The White House has repeatedly warned that aid will run out by the end of the year to help Ukraine thwart a Russian invasion of its territory if Congress doesn’t approve an additional tranche of support before Jan. 1.
President Joe Biden has requested an additional $61 billion in aid, but that request quickly ran into a stone wall on Capitol Hill, where Republicans insist any further aid to Ukraine must be paired with stauncher controls on illegal immigration at the U.S.-Mexico border.
Biden’s entire request for additional funding was $110.5 billion, but that’s with the addition of aid to Israel and the Indo-Pacific, which is far less controversial.
So pressing is the aid issue, that Ukrainian President Volodymyr Zelenskyy traveled to Washington last week to lobby in person for the additional aid.
Those talks, however, did not appear to move the needle in Ukraine’s favor, and it is still unclear that any deal reached in the Democratically controlled Senate will garner support in the Republican controlled House, where many conservative hardliners, like Rep. Marjorie Taylor Greene, R-Ga., oppose providing additional funding to Ukraine.
Complicating matters further is the political calendar. January not only marks the start of primary season, but it includes a deadline — the first under a “laddered continuing resolution” passed in November — to avoid a partial government shutdown.

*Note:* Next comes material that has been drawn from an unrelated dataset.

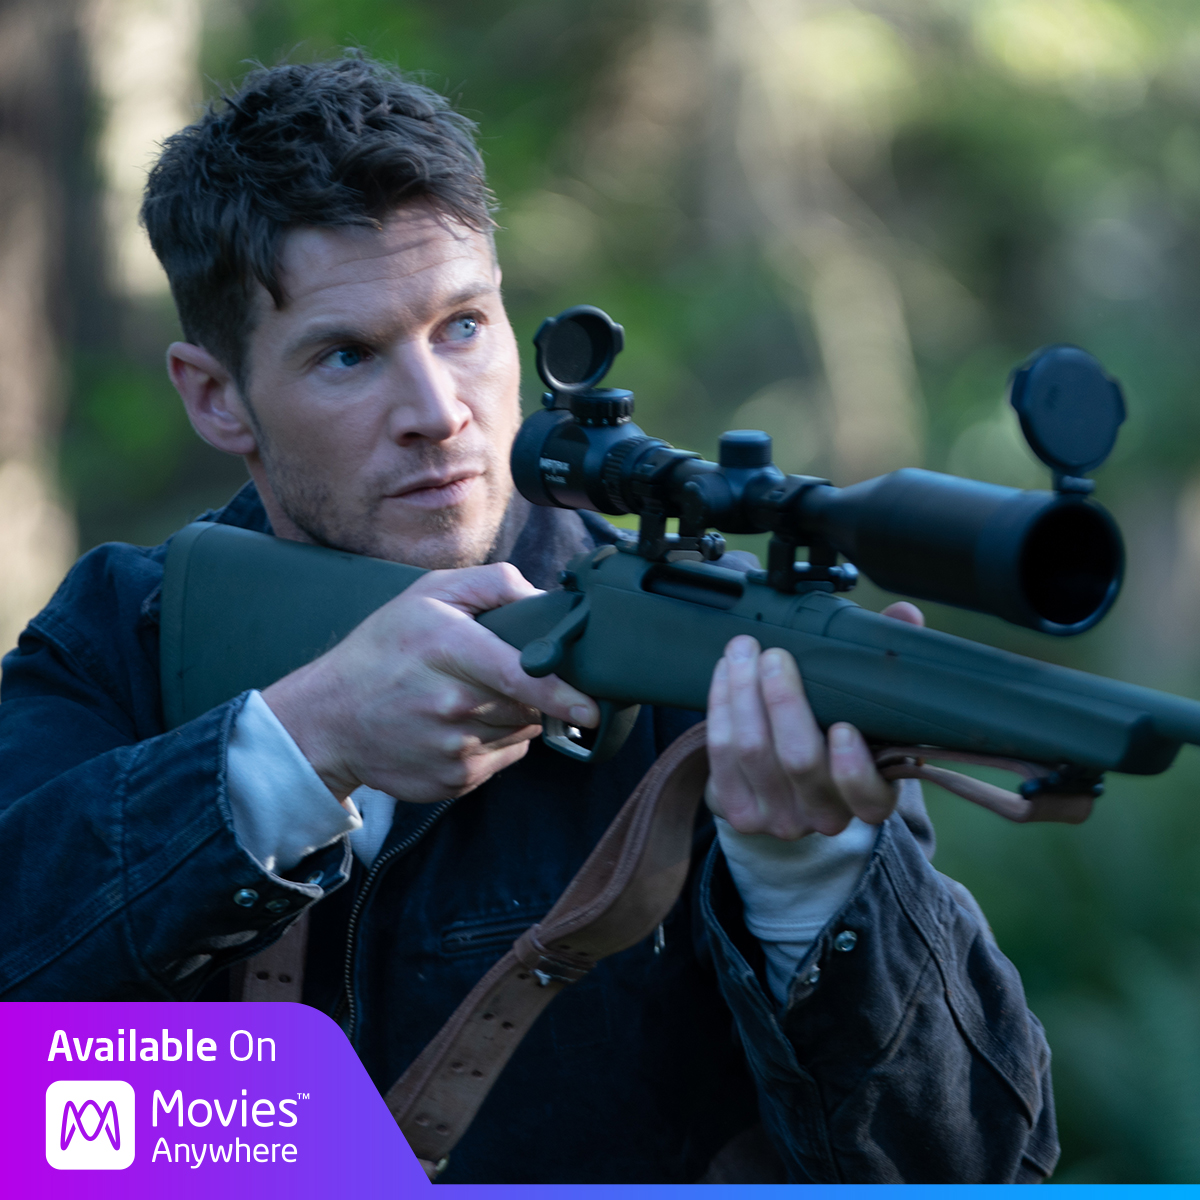 Check out #SniperAssassinsEnd and the entire #SniperFilms collection on Digital on @Movies_Anywhere Today! bit.ly/SniperAE

During a briefing with reporters earlier this week, White House Press Secretary Karine Jean-Pierre said the White House hopes to send one more aid package to Ukraine before the end of the year.
“But at that point, the U.S. will have used up the remaining funds to replenish the stockpiles,” she said.
John Kirby, the spokesman for the National Security Council, said at the same briefing that it’s critical that Congress act on the president’s funding request sooner rather than later.
“As our Office of Management and Budget director Shalanda Young has said, there is no magic pot of money here. … That’s why we need this funding to support Ukraine going forward. And we’ve got one more crack at this here, before the end of the year, before that replenishment authority runs out.”